Erik Gustaf Geijer, b. 12 January 1783, Ransäters Bruk, Värmland, d. 23 April 1847, Stockholm. Professor, author, member of parliament and composer. Fil. mag. (MA), Uppsala, 1806, Docent (Ass. Prof.) in history there 1810, Professor 1817. Member of the Swedish Academy in 1824, of the Royal Swedish Academy of Letters, History and Antiquities in 1826, of the Royal Swedish Academy of Music in 1829, and of the Royal Swedish Academy of Sciences in 1835. Geijer was Sweden’s first real lied composer, and he also created substantial chamber music.
Oil painting by Karl Wilhelm Norgren, 1837. (Skoklosters slott).
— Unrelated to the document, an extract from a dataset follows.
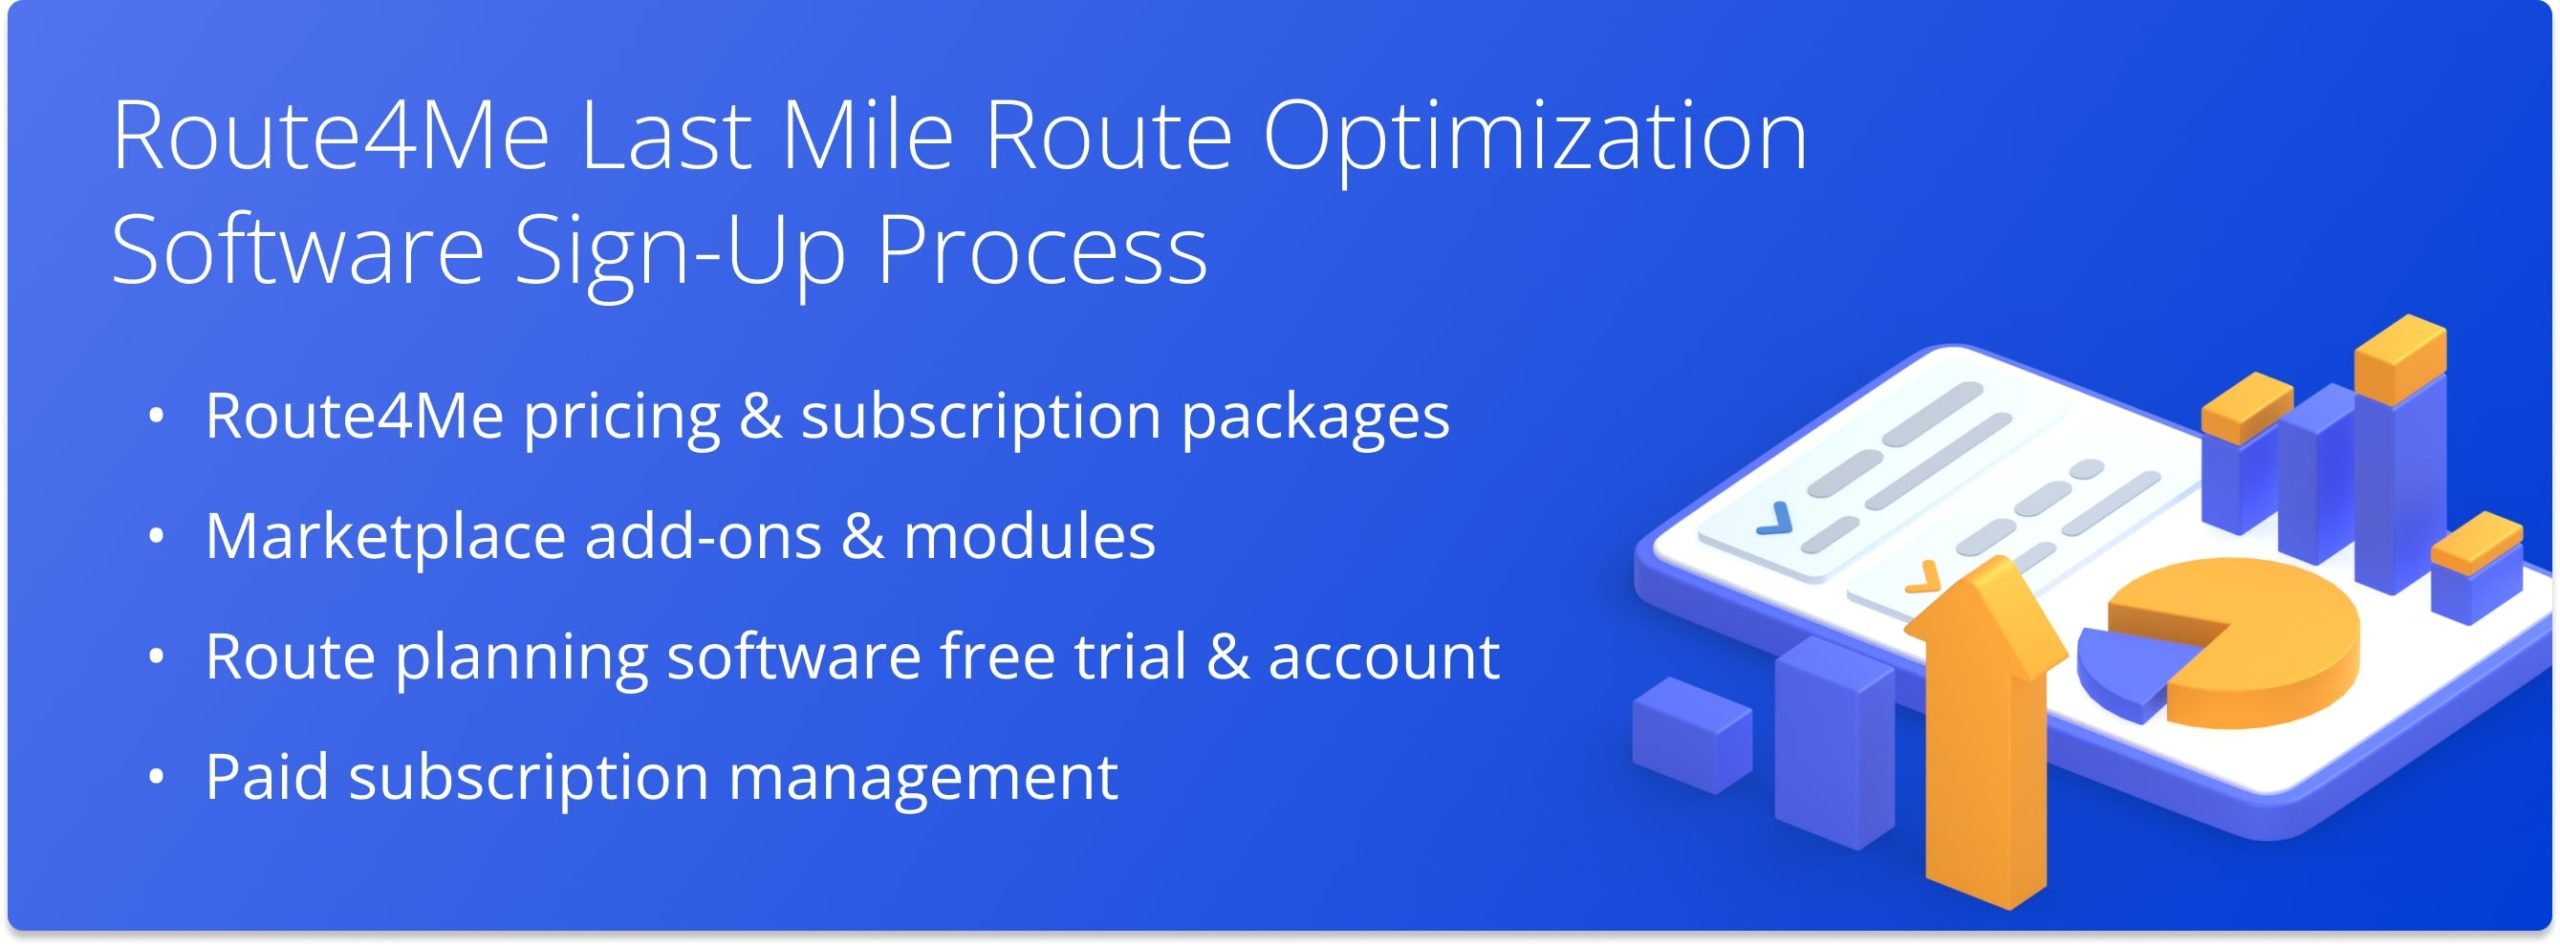 Route4Me Subscription packages, pricing, account registration, free trial, and subscription management.

Childhood and student years
Eric Gustaf Geijer was born at Ransäter Manor, Värmland, the eldest son of Brukspatron (industrialist) Bengt Gustaf Geijer (1748−1814) and Ulrika Magdalena Geijer, née Geisler (1760−1823). His happy childhood years are described in his autobiographical Minnen. He and the younger children were educated at home by tutors, and he and his favourite sister Jeanne-Marie were given piano lessons by a maternal aunt who also lived on the manorial estate. Music was particularly cherished, and Geijer names as his musical mentor a distant relative, Bengt Gustaf von Rappolt, who lived at Risberg, near Uddeholm, and copiously adapted music for the family’s two keyboard instruments (claviers). Geijer also included another relative, Stina af Geijerstam, a skilful pianist, among the musical benefactors of his early years. She lived at Frösvidal in Närke, and the family invariably stopped off there en route between Stockholm and Värmland. In Minnen he writes: ‘So by the age of sixteen, despite never having left the place of my birth, I possessed a real musical education. − Already at that time I felt the urge to essay composition, without knowing the rules of it.’
As the eldest son, Erik Gustaf was the obvious heir to the estate and its concomitant ironworks (bruk). He studied at high school in Karlstad, with Anders Piscator as his music teacher, and in 1799 matriculated at Uppsala University. After failing his MA in 1803 and applying unsuccessfully for a tutorship, that summer he secretly entered a competition announced by the Swedish Academy, calling for a tribute to Sten Sture the Elder (a rebel leader in the 15th century, when Sweden was ruled by Denmark). He was awarded the Grand Prize of the academy. His life now instantly took an academic turn, and he continued his studies in Uppsala, graduating in 1806. In 1808 he defended his thesis for a docent (senior lecturer) appointment, but nothing came of it. As tutor to Johan Fredrik von Schinkel, whose father was a Commissioner at the Board of Trade, he accompanied his pupil on a journey to England in 1809−10.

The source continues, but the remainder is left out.